**ACTIVITY**
Retype exactly every line from the one that includes "Kotpad handloom cotton" through the final line of the listing, both ends kept, and omit the pictures.

### DATASET CONTENT

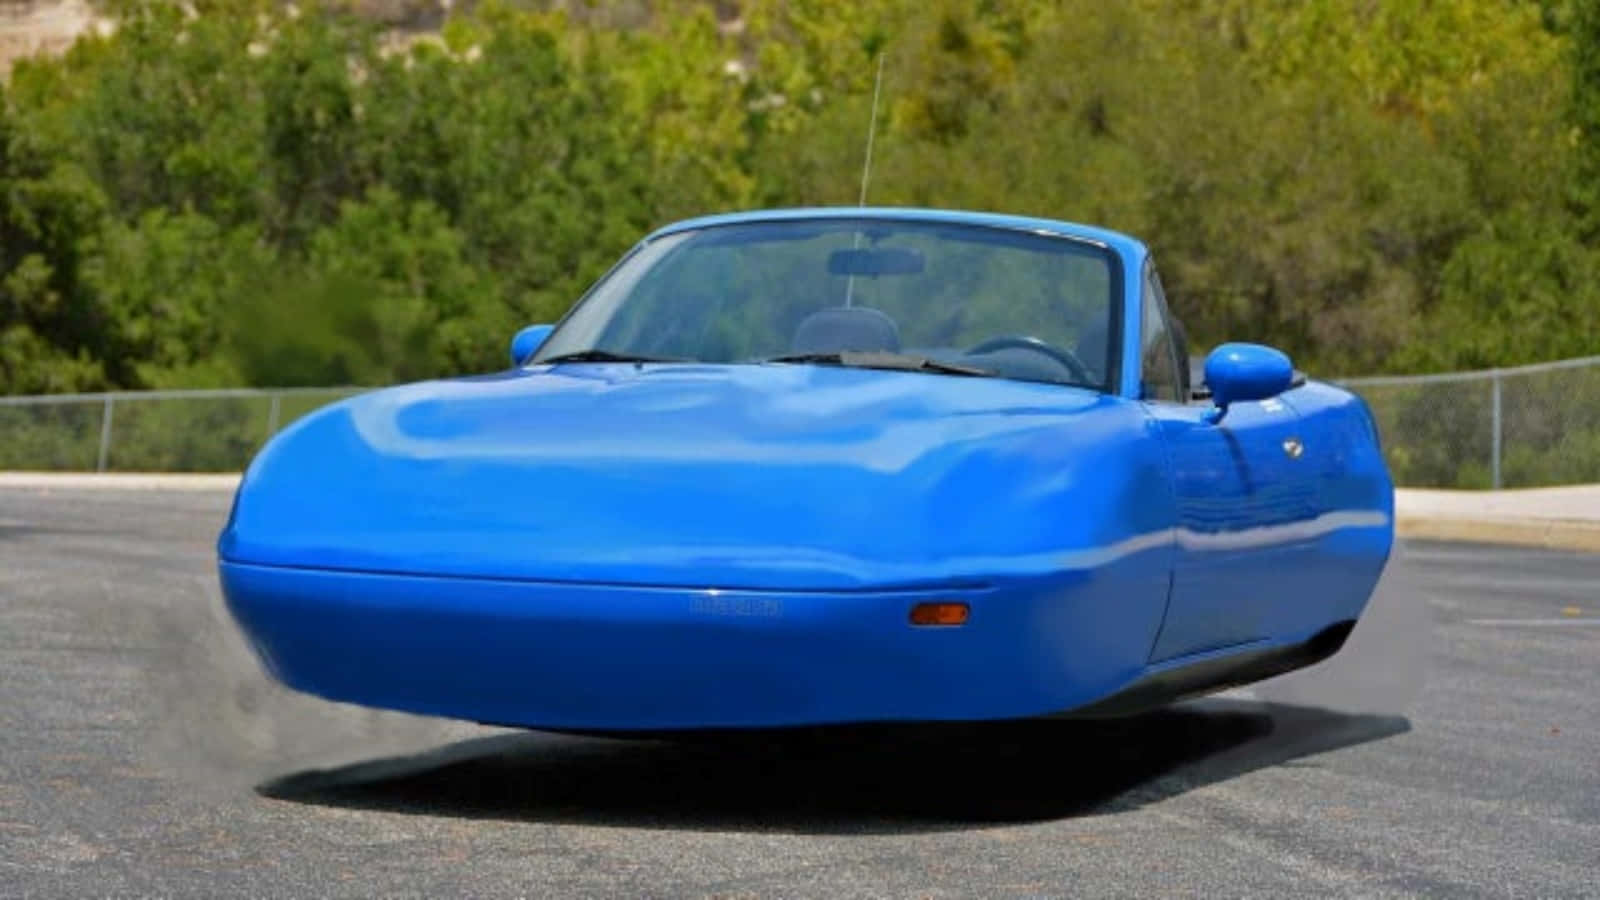 Enblå Bil Med En Motor På Den
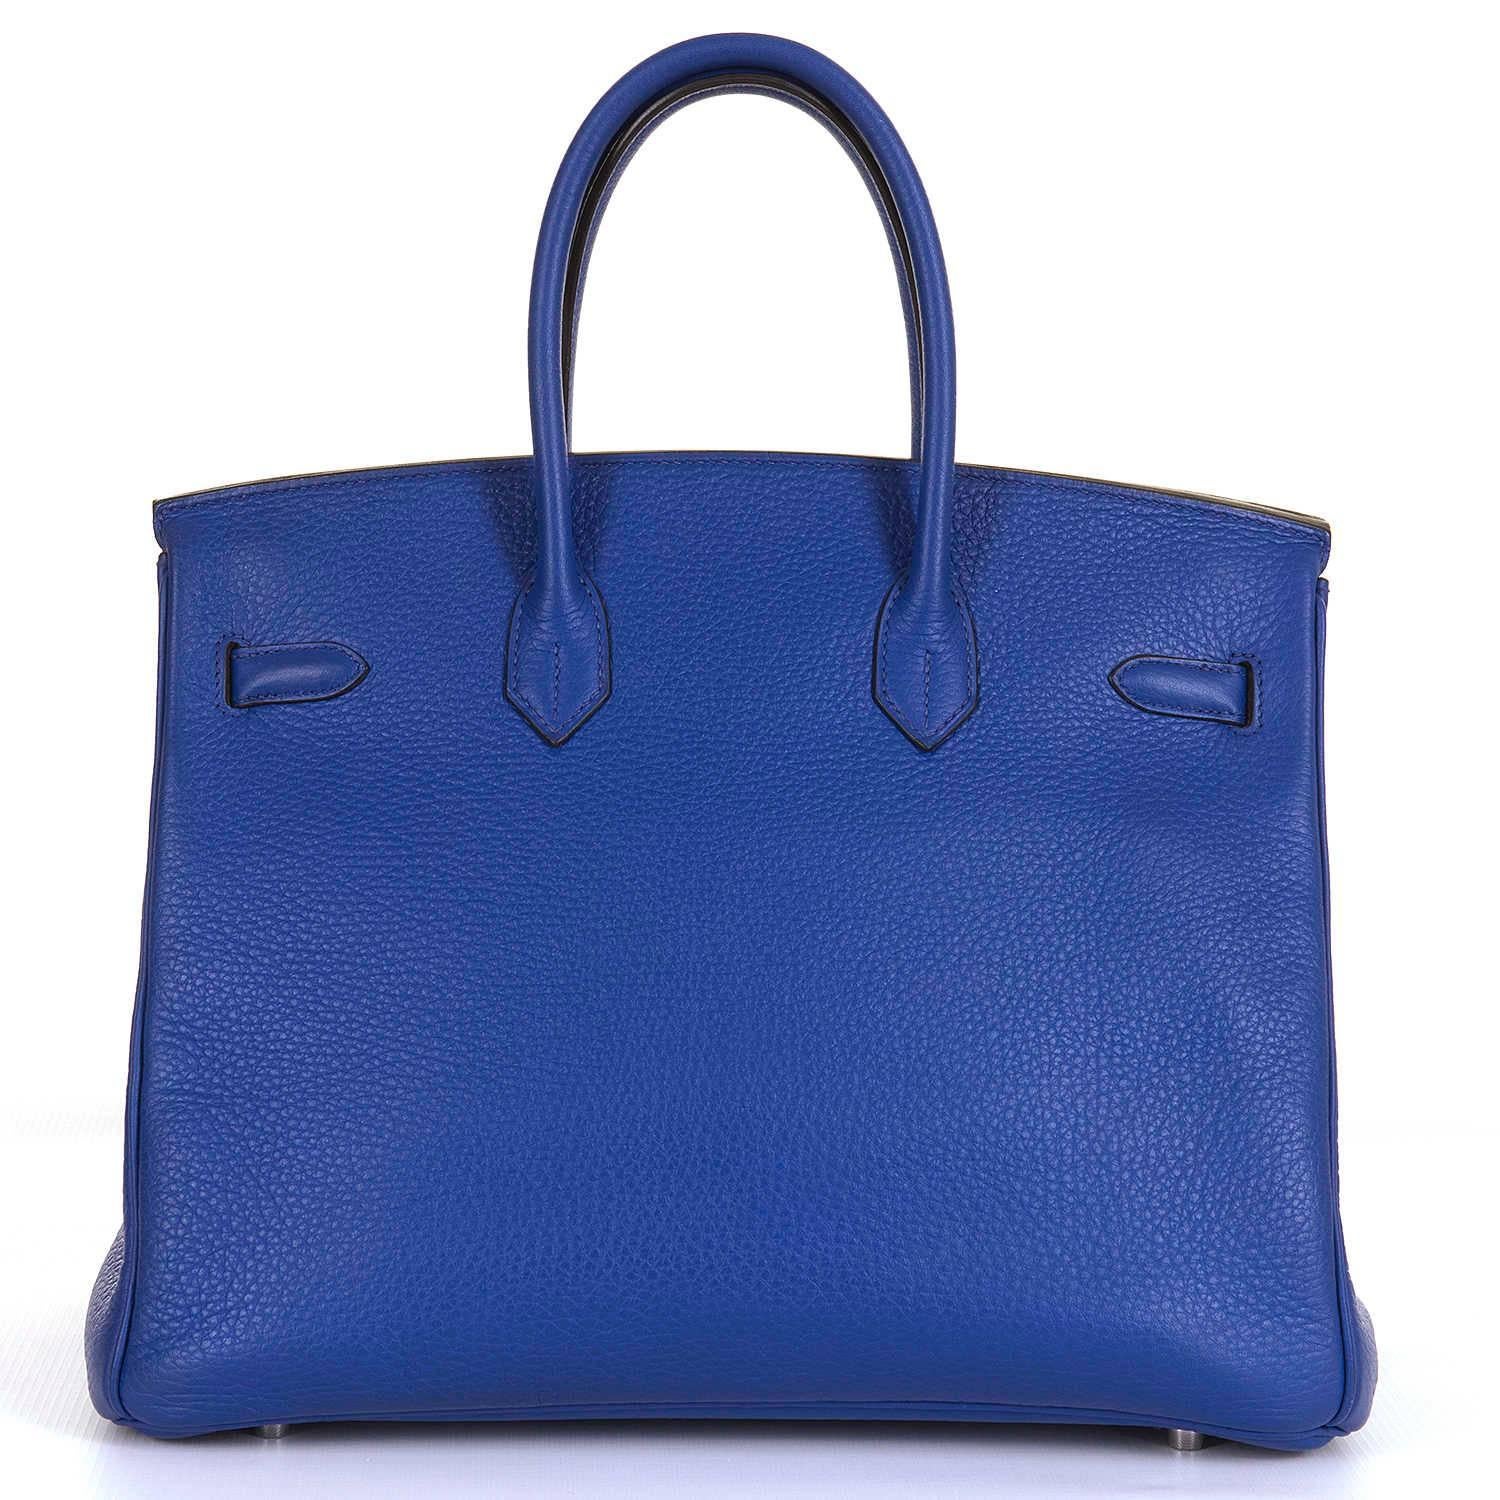 Blue PRISTINE Hermes 35cm 'Bleu Electrique' Togo Birkin Bag with Palladium Hardware
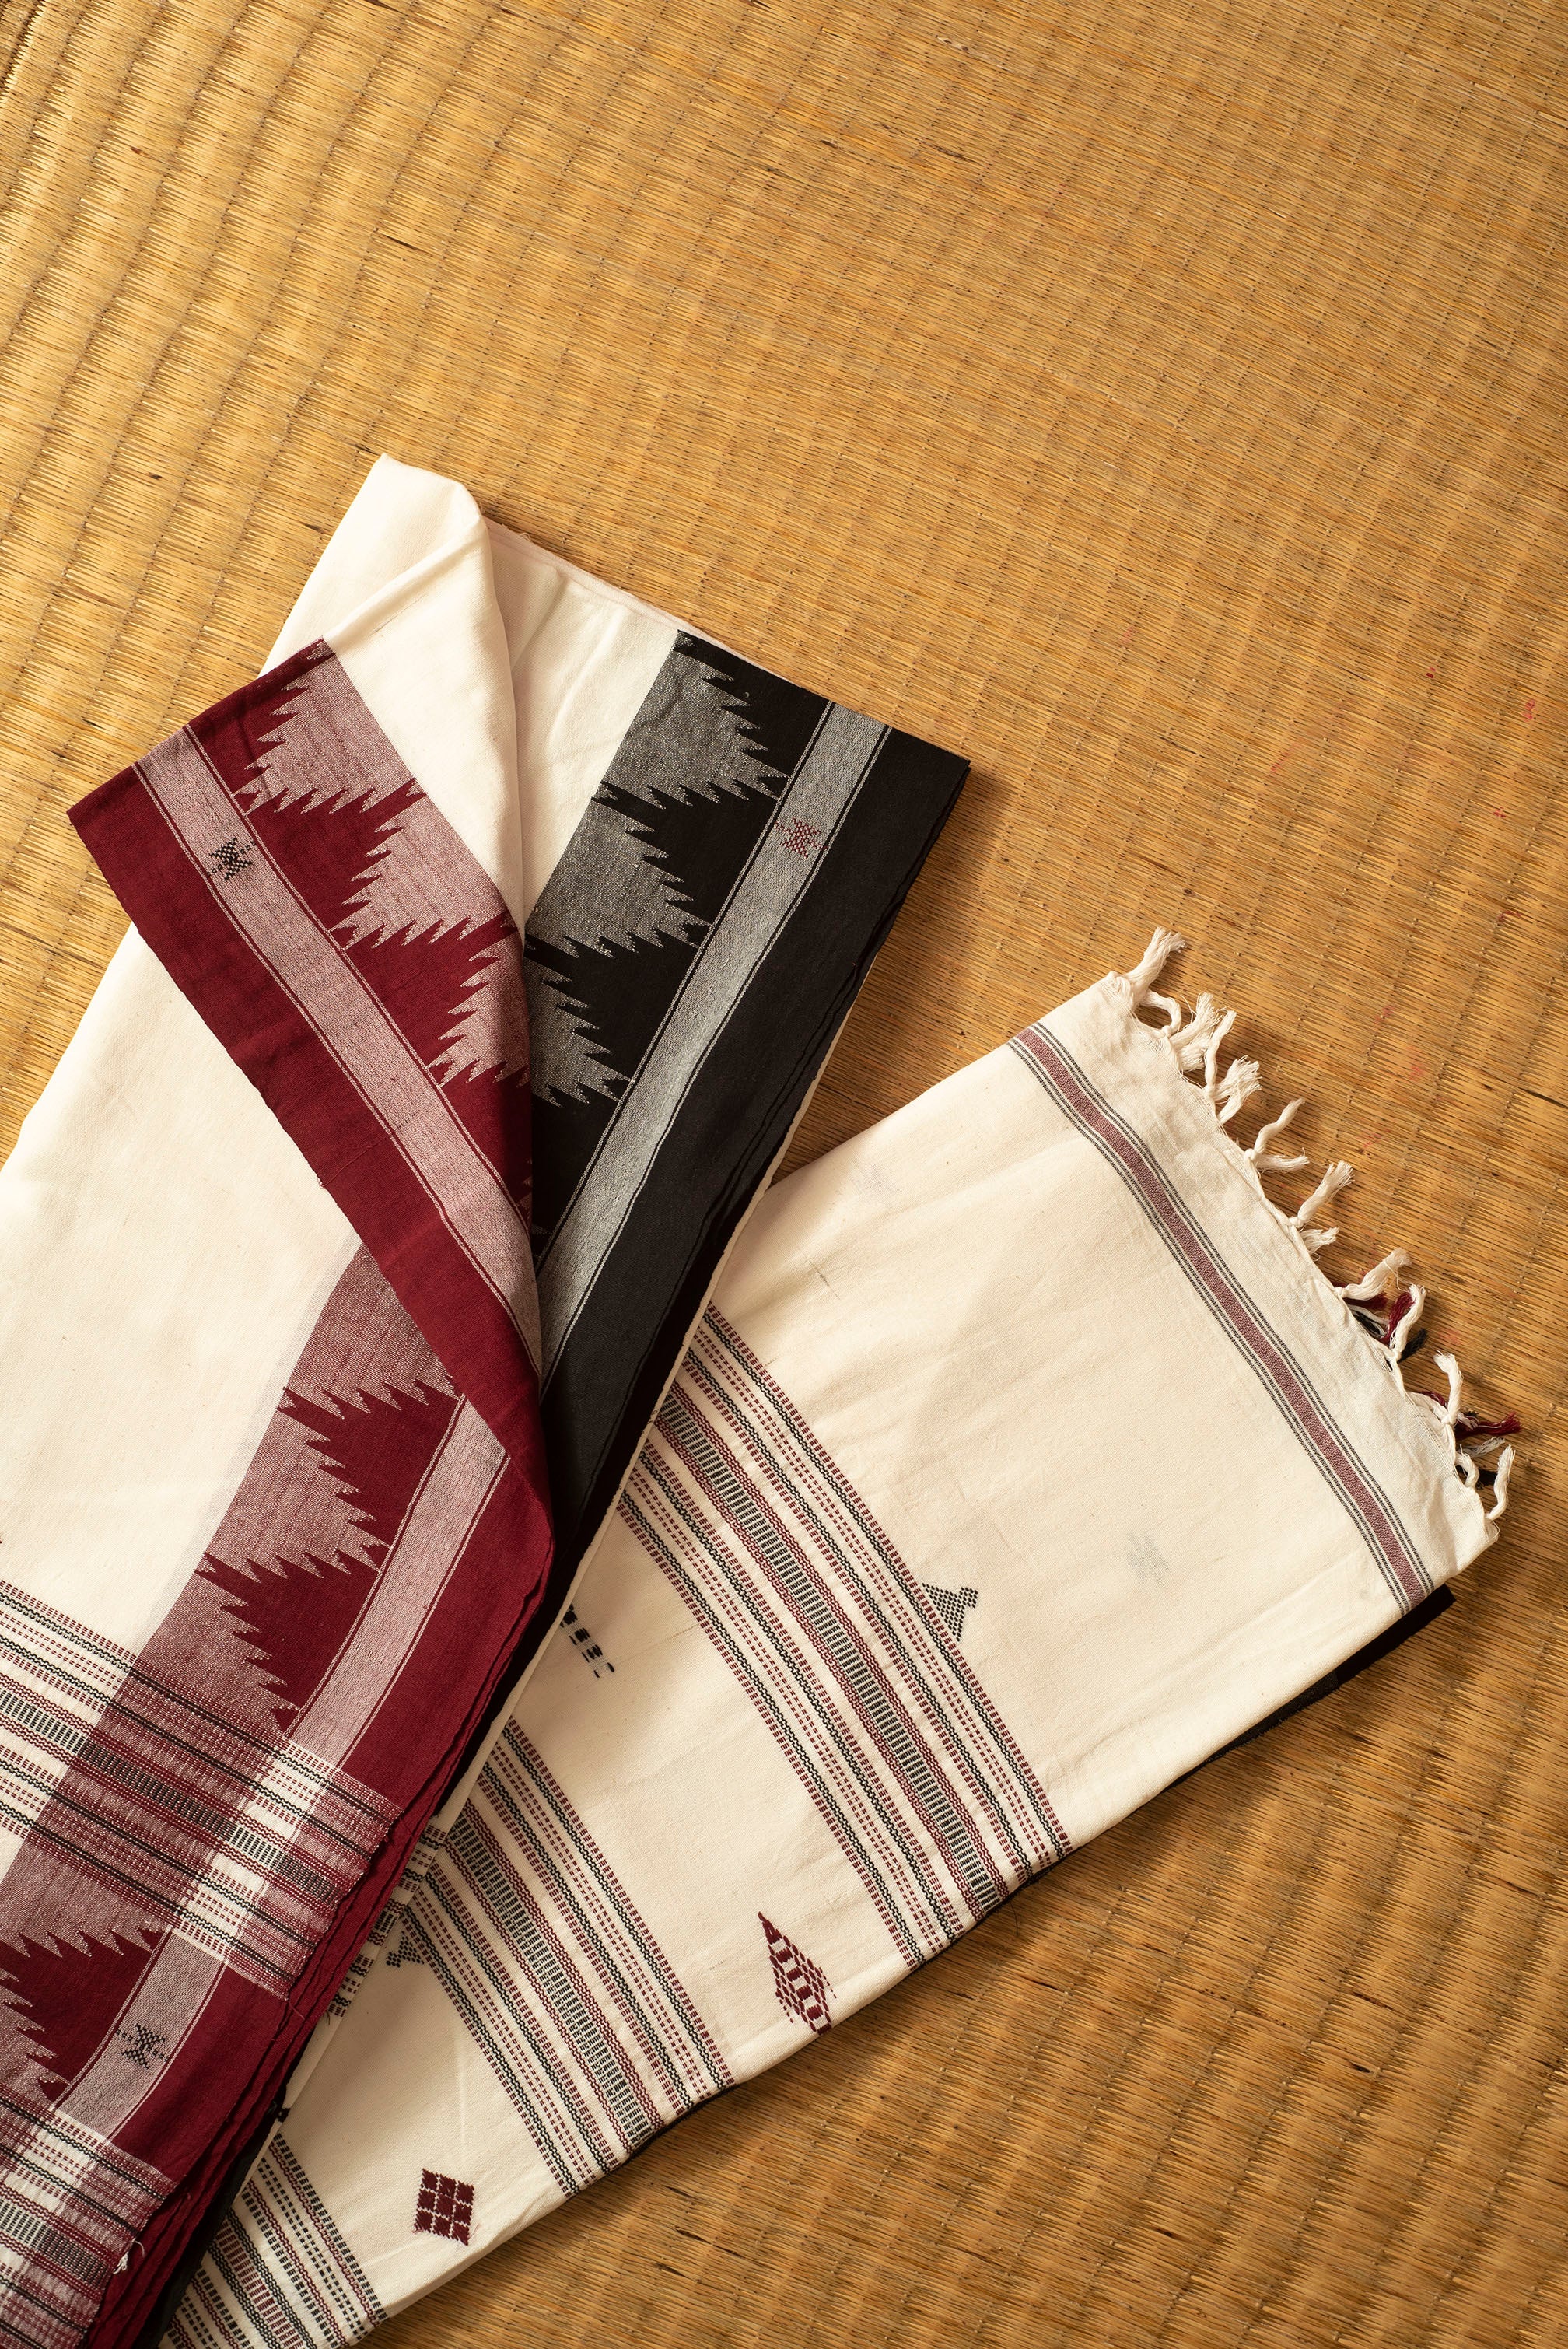 Kotpad handloom cotton saree | natural dyed | true color
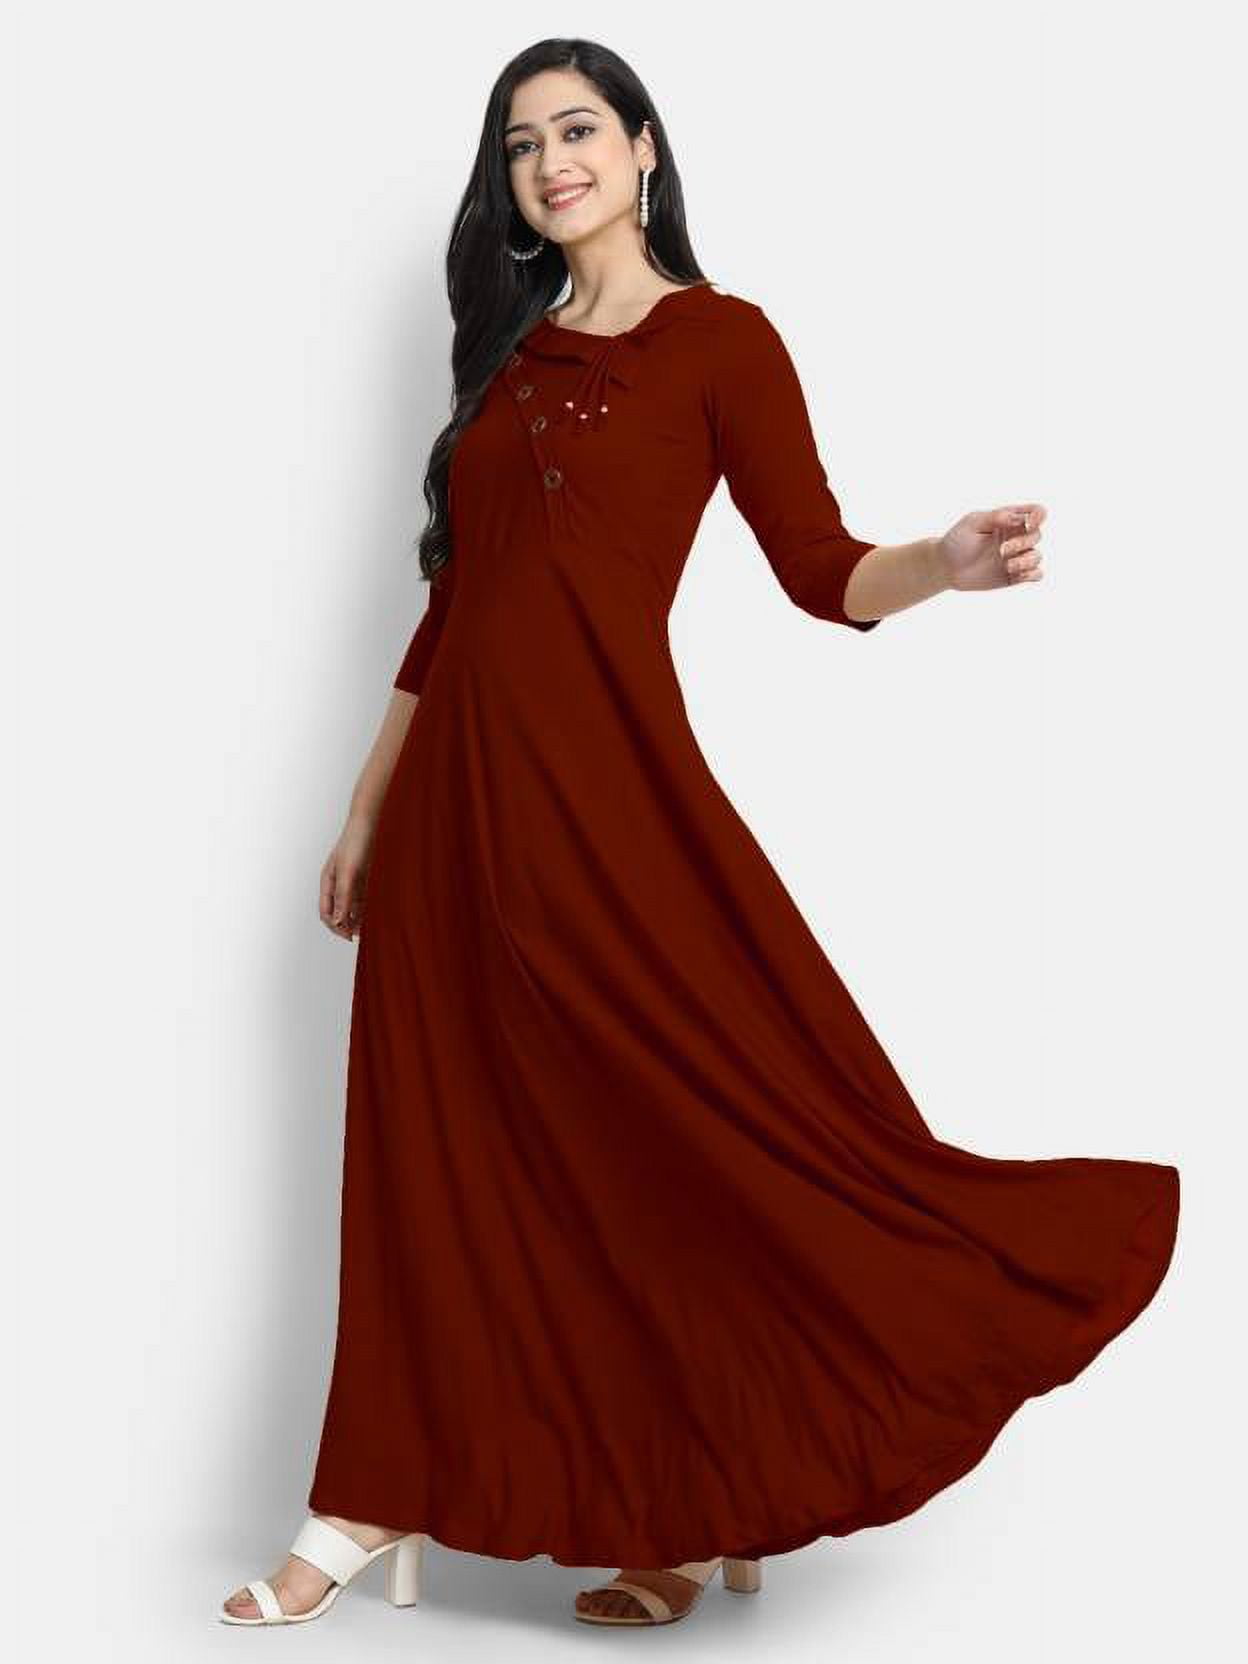 Asian Indian Pakistani Party Wear Wedding Maxi Dress Unstitched | eBay

######

**REPLY**
 Kotpad handloom cotton saree | natural dyed | true color
 Asian Indian Pakistani Party Wear Wedding Maxi Dress Unstitched | eBay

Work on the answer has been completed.